Option 2: You could just modify the object from within the function. This is the better option when you want to do destructive edits to an object and don't want memory inflation. If you are doing destructive edits, you don't need to save an original copy. Also, if your object is suitably large, you don't want to be copying it when you don't have to. To make edits to a global namespace object, simply don't pass it into or declare it from within the function.
Now we are making direct edits to the object 'myTable' from within the function. The fact that we aren't passing the object makes our function look to higher levels of namespace to try and resolve the variable name. Lo, and behold, it finds a 'myTable' object higher up! The code in the function makes the changes to the object.
A note to consider: I hate debugging. I mean I really hate debugging. This means a few things for me in R:
正如您所指出的,这两种范例正在替换整个对象,或者编写“替换”函数,例如
with
这是例如
$<-
-- 就地更新元素的行为通过$
访问。 这里是一个相关问题。人们可以将替换函数视为语法糖,但在我看来,“语法糖”这个标签并不能真正正确地描述所涉及的中心范式。它支持方便的就地更新,这与 R 通常维护的更改时复制错觉不同,它实际上是更新对象的“R”方式(而不是使用
?ReferenceClasses
例如,它具有更多其他语言的感觉,但会让期待更改时复制语义的 R 用户感到惊讶)。The two paradigms are replacing the whole object, as you indicate, or writing 'replacement' functions such as
with
This is the behavior of, for instance,
$<-
-- in-place update the element accessed by$
. Here is a related question. One could think of replacement functions as syntactic sugar forbut the label 'syntactic sugar' doesn't really do justice, in my mind, to the central paradigm that is involved. It is enabling convenient in-place updates, which is different from the copy-on-change illusion that R usually maintains, and it is really the 'R' way of updating objects (rather than using
?ReferenceClasses
, for instance, which have more of the feel of other languages but will surprise R users expecting copy-on-change semantics).对于将来寻找一种简单方法(不知道是否是更合适的方法)来解决此问题的任何人:
在函数内部创建对象以临时保存要更改的修改版本。使用
deparse(substitute())
获取已传递给函数参数的变量名称,然后使用assign()
覆盖您的对象。
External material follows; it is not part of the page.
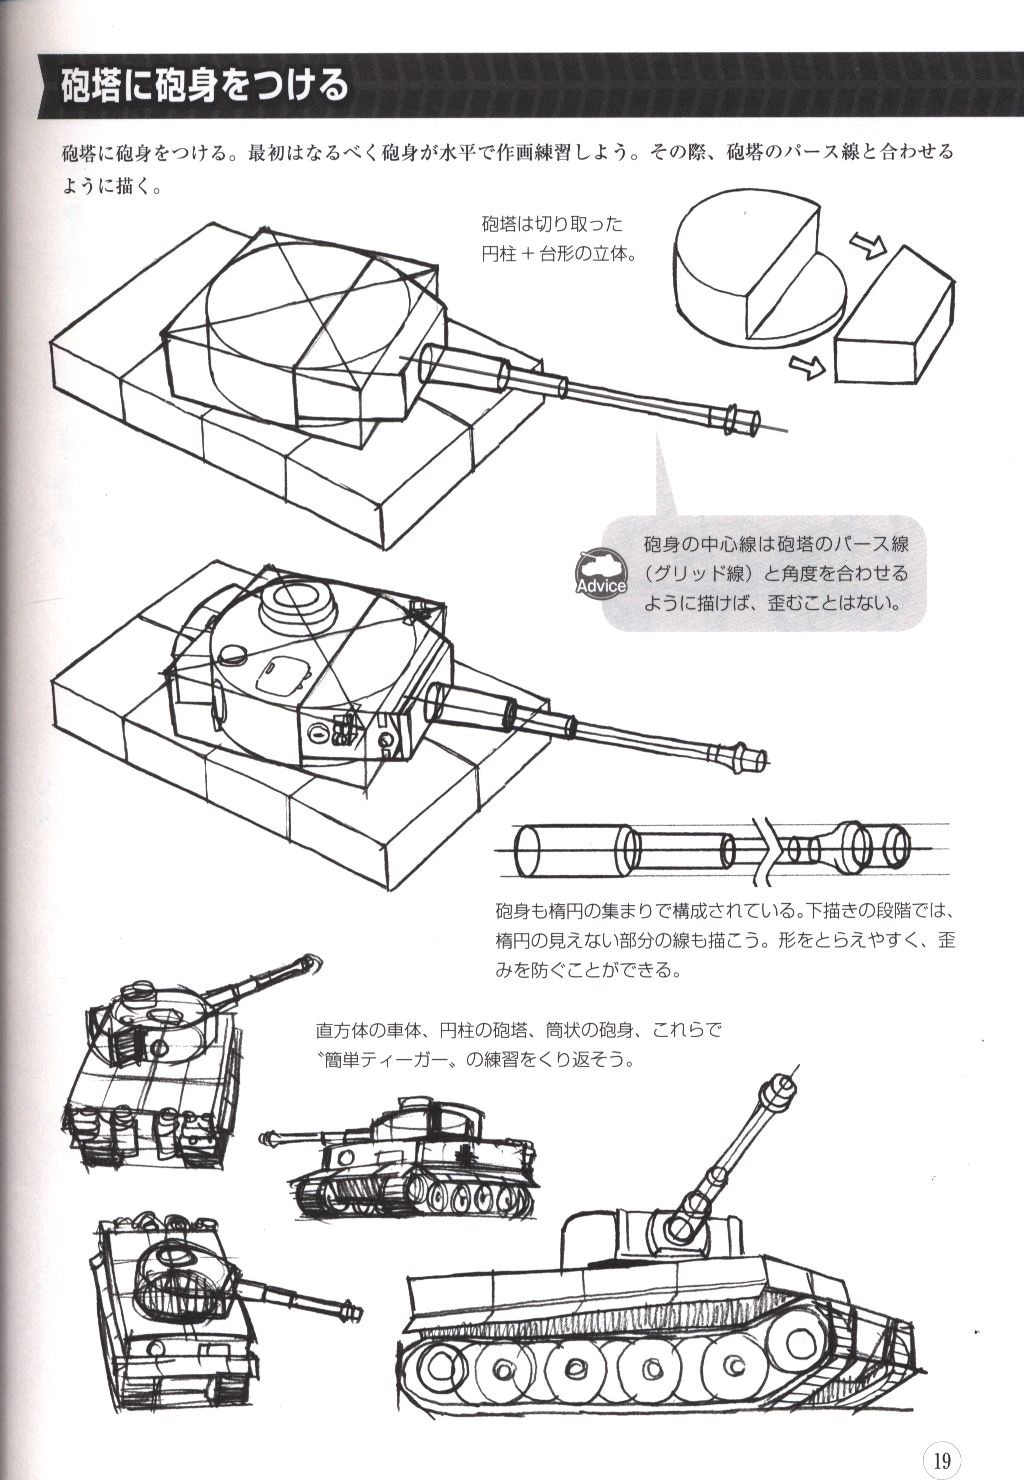 ホビージャパン 箱から描く戦車 装甲車輌のテクニック 戦車の描き方 まんだらけ Mandarake
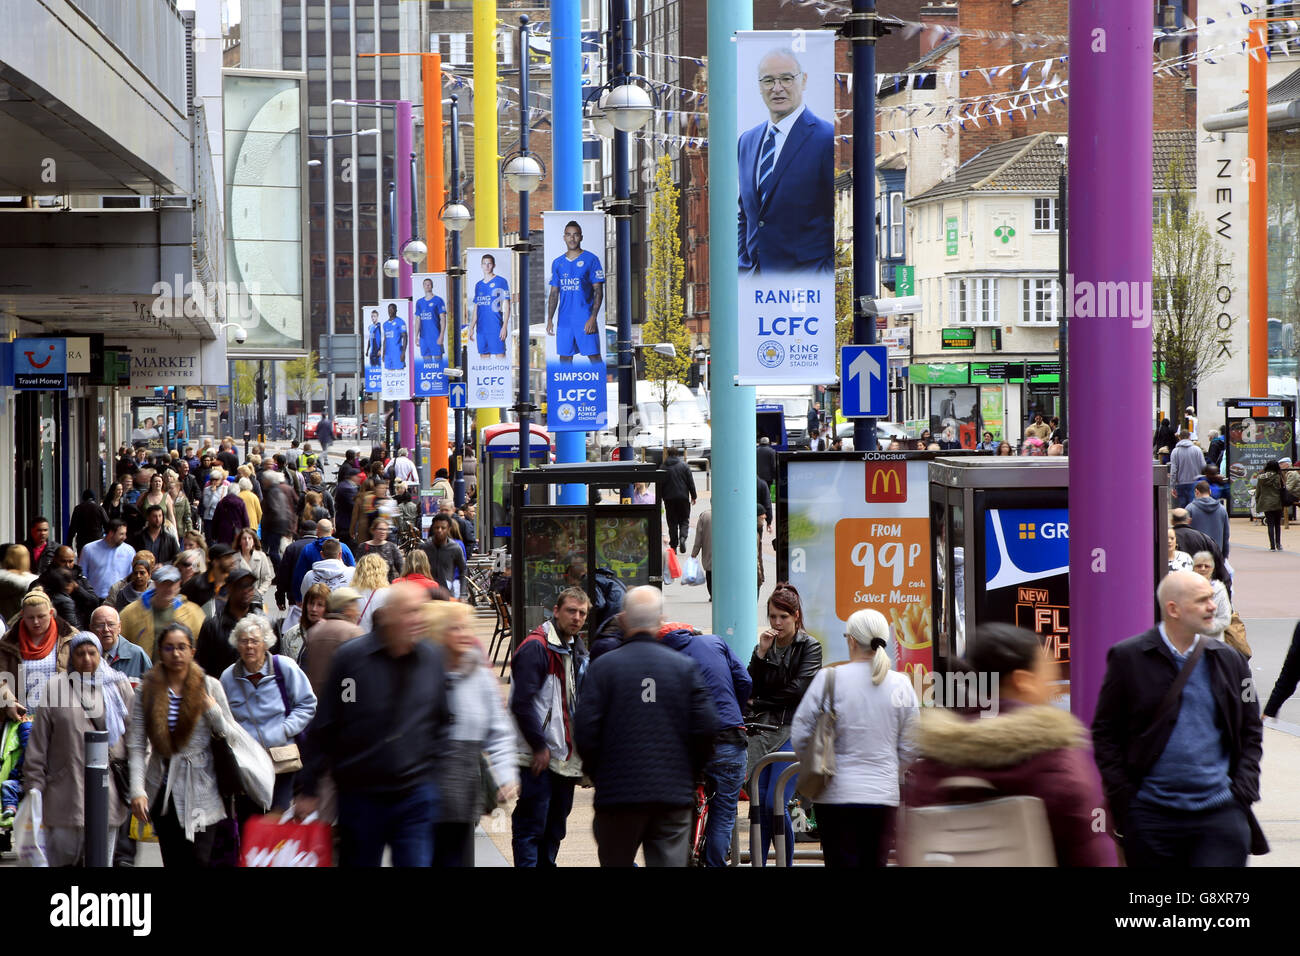 Des bannières géantes mettant en vedette le directeur de la ville de Leciester, Claudio Ranieri, et son équipe, photographiés dans le centre-ville de Leicester. Banque D'Images

您需要在assign()
内使用envir =parent.frame()
来让您的对象在函数外部的环境中定义。定义对象时使用括号比定义然后打印更有效率(对我来说,更好看)。
For anybody in the future looking for a simple way (do not know if it is the more appropriate one) to get this solved:
Inside the function create the object to temporally save the modified version of the one you want to change. Use
deparse(substitute())
to get the name of the variable that has been passed to the function argument and then useassign()
to overwrite your object. You will need to useenvir = parent.frame()
insideassign()
to let your object be defined in the environment outside the function.Using parentheses when defining an object is a little more efficient (and to me, better looking) than defining then printing.